극초음속 유동 시험에 활용되고 있는 충격파 터널 등은 원하는 시험 조건을 얻기 위해 격막의 파열 압력비를 맞추어 운용한다. 주로 금속 재질로 이루어진 격막은 정확한 압력비를 맞추기 위해 특정 형태로 가공하거나 강제 파열 장치를 사용하여 개방한다. 격막의 개방 과정은 수백 microsecond 동안 파열과 변형을 통해 이루어지는데, 동일한 압력비에서도 개방 정도와 개방 소요 시간에 따라 시험 조건이 달라질 수 있을 것으로 예상된다. 본 연구에서는 격막의 두께 및 재질 차이를 반영할 수 있는 파열모델을 적용하여 수치 해석을 수행하고 충격파의 형성과 정체 조건의 특성에 대해 살펴보았다. 격막 파열로 인해 생성된 충격파의 속도는 격막 개방 속도에 비례하였으며, 격막의 최종 개폐율 및 소요 시간에 따라 저압관 끝단에 형성되는 정체 압력과 시험 시간에 차이가 나타나는 것을 확인할 수 있었다.

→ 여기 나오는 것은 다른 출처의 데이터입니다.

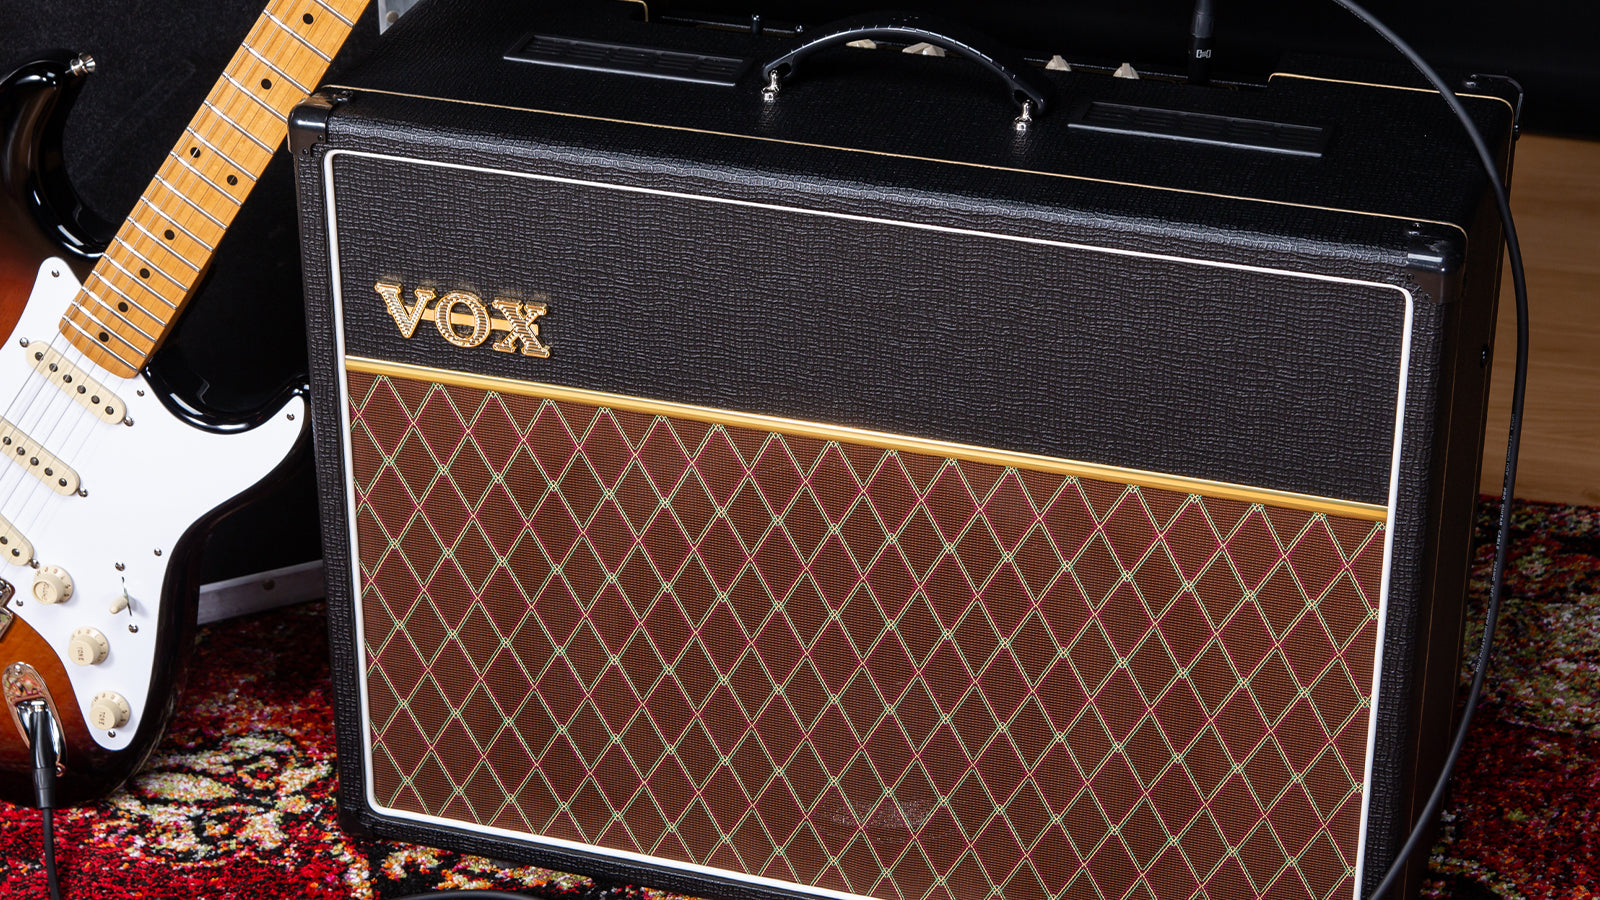 A guitar leaning against a VOX amplifier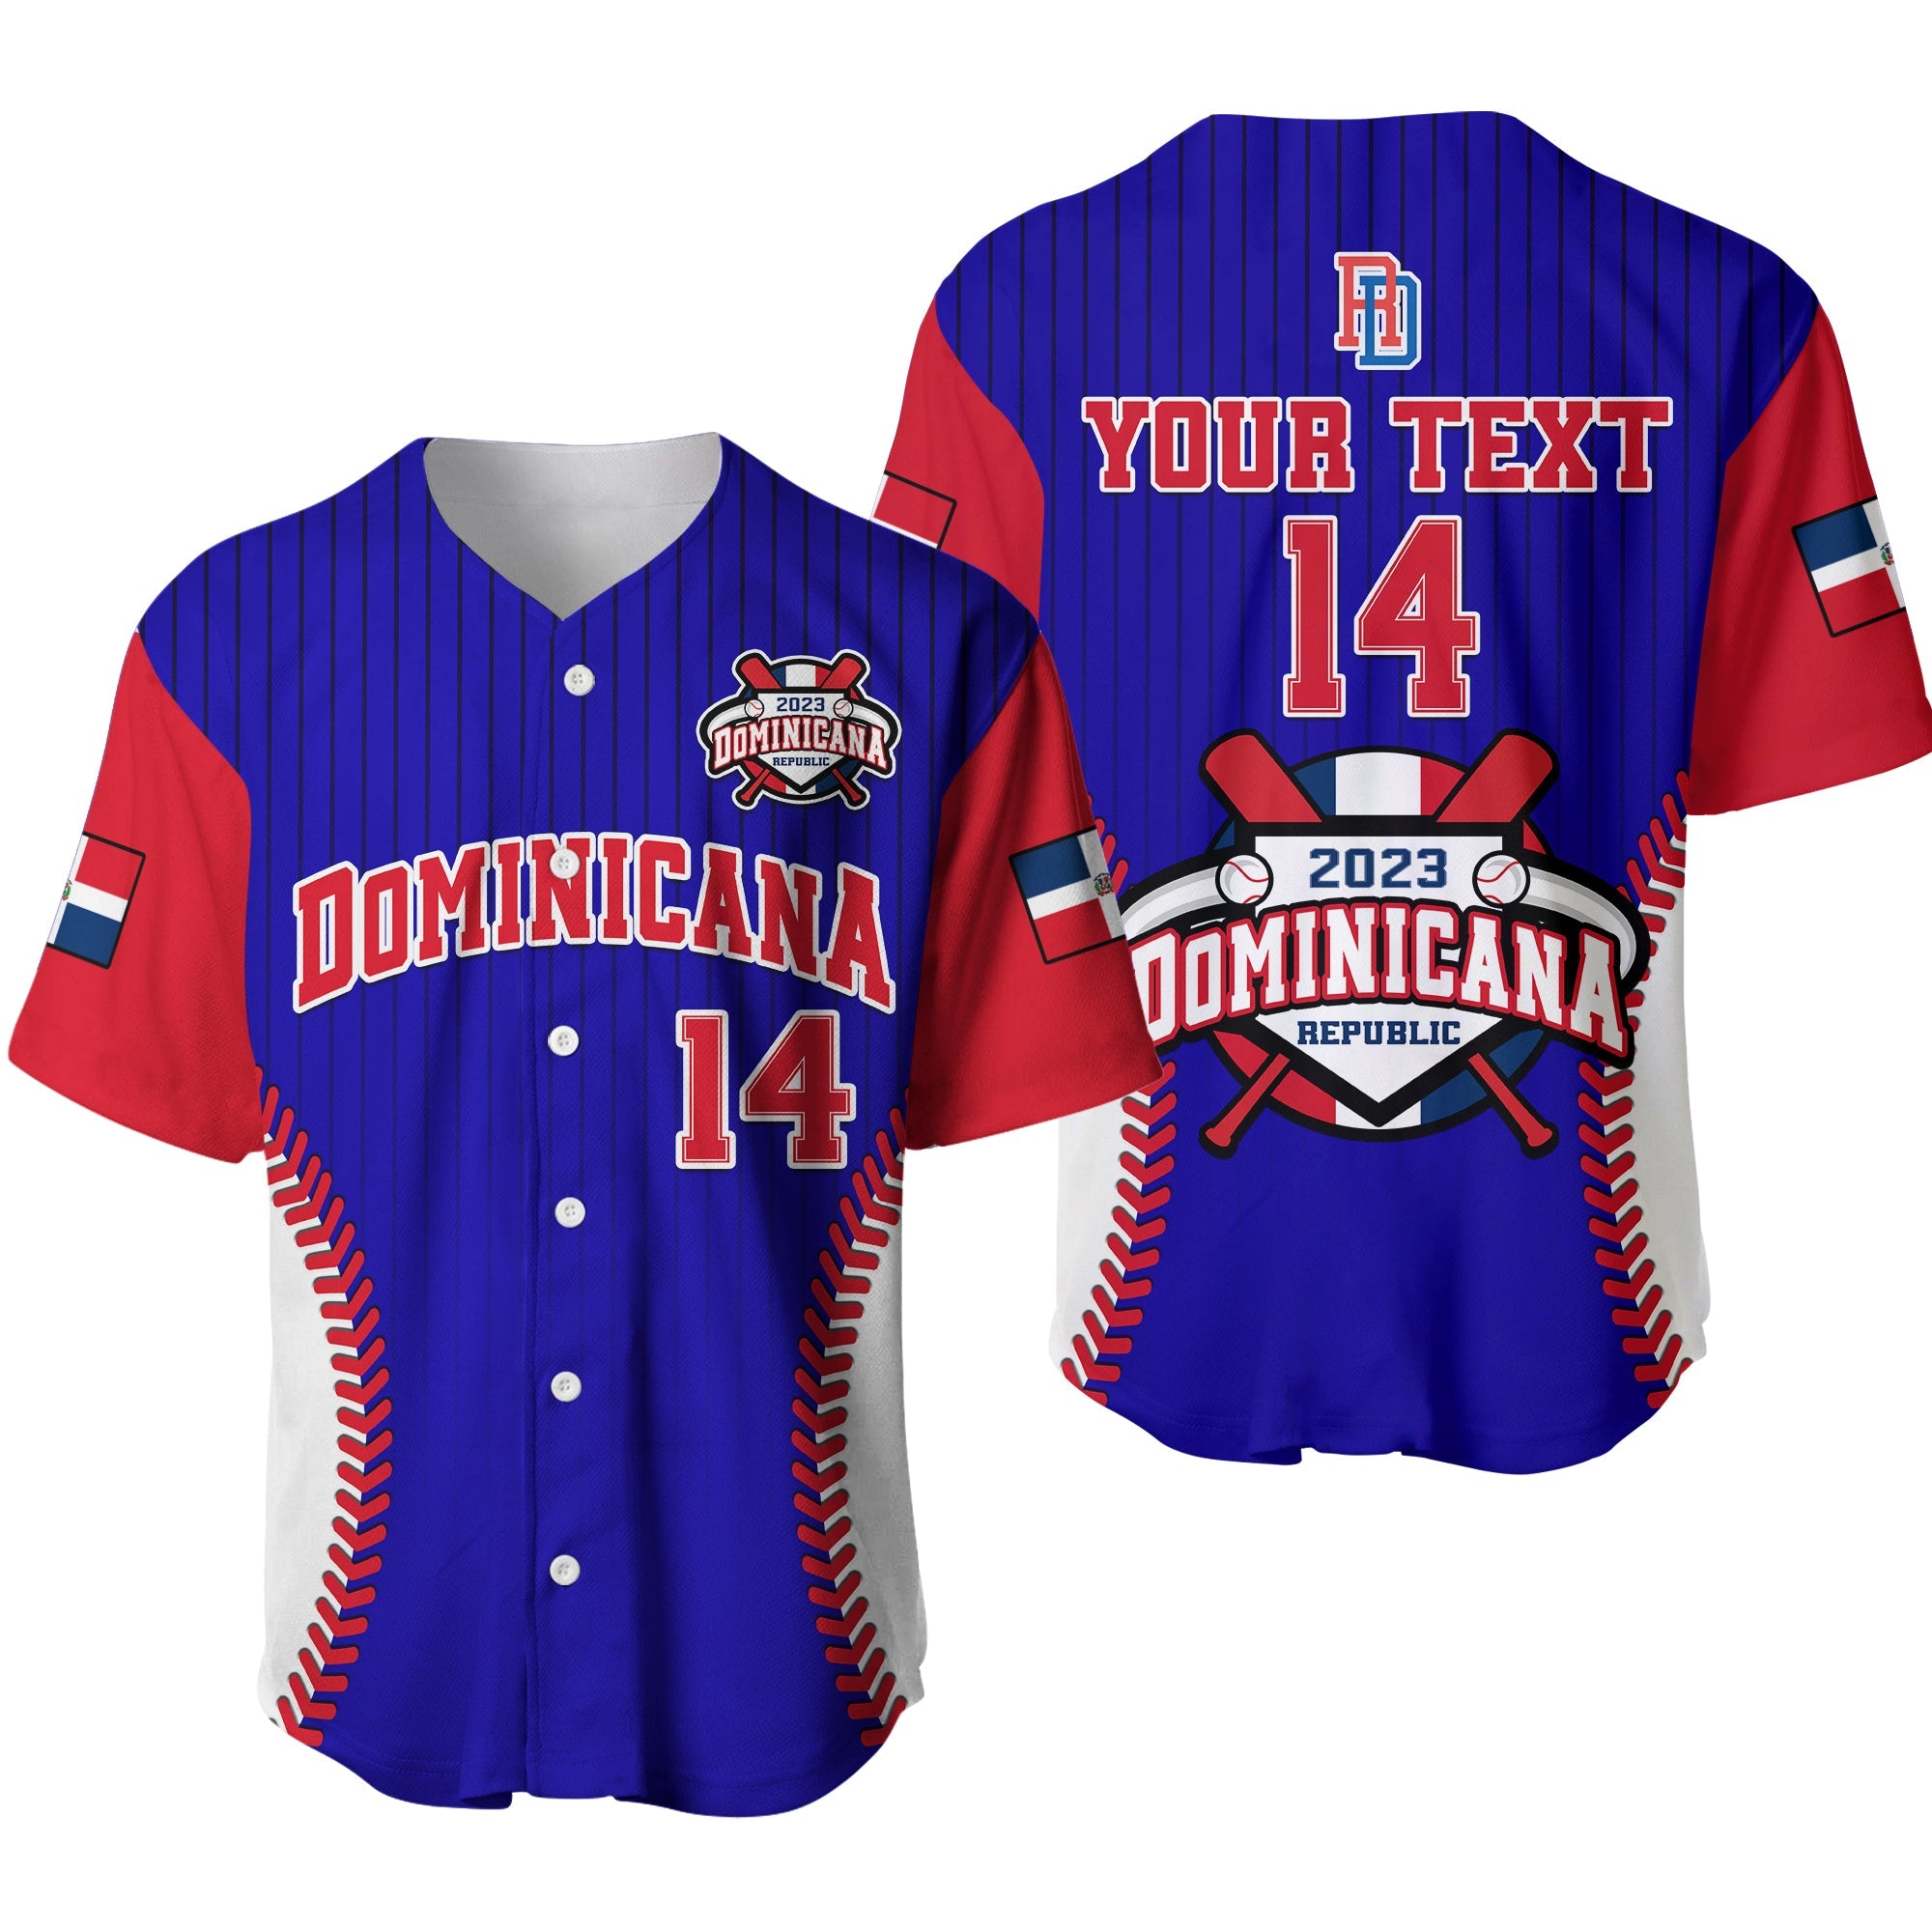 custom-text-and-number-dominican-republic-baseball-2023-baseball-jersey-version-blue-ver01

High enthalpy test facilities, such as a shock tunnel, are to be operated at the specific pressure ratio according to the desired test condition. A metallic diaphragm is machined or a forced rupture device is used to open it at a specific pressure ratio. The diaphragm opening procedure takes several hundred microseconds including rupture and deformation. This process is expected to affect the test conditions. In this study, numerical simulation was performed for different materials, thicknesses, and opening ratios. And the characteristics of shock wave generation and the stagnation condition in the tube are investigated. Results show that the final opening ratio and rupturing procedure directly affect the speed of a shock wave, stagnation pressure, and test time.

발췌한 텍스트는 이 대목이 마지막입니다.